Grid search works by defining a range of possible values for each parameter and then trying every possible combination within that range.

Simple Example

Imagine you’re tuning just two parameters:

  • Keyword weight: [0.2, 0.5, 0.8]

  • Vector weight: [0.8, 0.5, 0.2]

Grid search will try all valid combinations:

(0.2, 0.8), (0.5, 0.5), (0.8, 0.2)

Each pair is evaluated, and the one with the highest precision is selected.

What I Did

keyword search init
  • Set parameter ranges

I defined ranges for keyword weight, vector weight and alpha.

  • Establish a baseline

I calculated precision using only vector search, which serves as my baseline for comparison.
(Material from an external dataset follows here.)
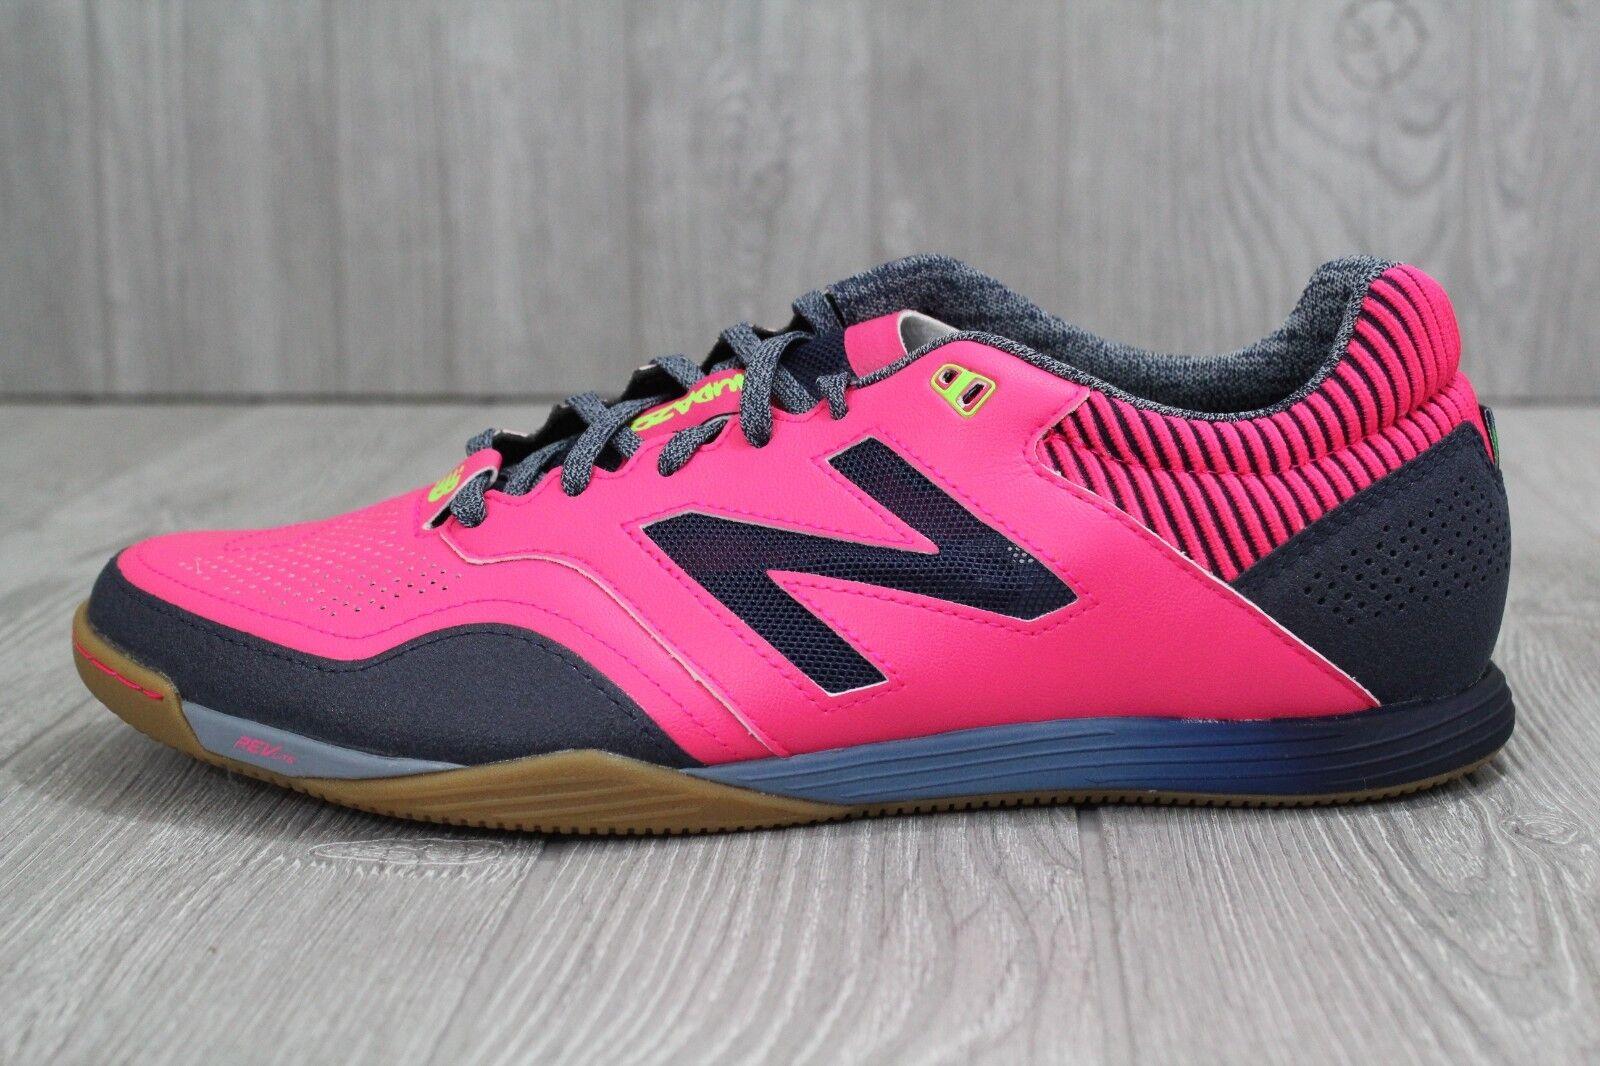 28 neue gleichgewicht - mens audazo 2.0 pro - gleichgewicht fußball - schuhe der größe 11 msapipd2 f4c1dc

  • Iterate over the test dataset

For each test example:

  • I generated all parameter combinations using a grid (via product)

  • I skipped the case where the setup reduces to pure vector search, since that’s already my baseline

    • I ensured that keyword weight + vector weight = 1
  • Run retrieval

For each parameter combination, I called: combine_recency_and_keyword_search (this is the function that integrates all three components: keyword, vector, and recency)
  • Evaluate performance

  • I calculated precision by comparing retrieved chunks with expected chunks

  • I then computed the difference from the baseline precision (vector-only search)

  • Store results

  • I recorded all scores and parameter combinations for later analysis.




Takeaways

The results showed no real improvement over baseline retrieval, suggesting that adding keyword weighting and recency didn’t really add much.

One likely reason is a bias in the test dataset, since the ground truth was generated using vector search, any deviation from vector results like adding keyword search tends to produce worse results, even though in the real-world it might actually improve retrieval.

That said, I still think using a combination of keyword, vector and recency retrieval is a sensible starting point. And so, I’ll start with hybrid retrieval and adjust the weights later if needed!




Summary

In this post, I explored building a flexible retrieval system for my chatbot, experimenting with keyword, vector and recency-aware methods. I showed how class-based design makes it easier to test and tune parameters and how a grid search helps find the best combination of weights.

While the mini test set didn’t show large improvements over vector-only retrieval, I feel confident in using hybrid retrieval. My next steps are to productionise the chatbot and integrate it into my blog, so I can see how hybrid retrieval performs with actual user queries.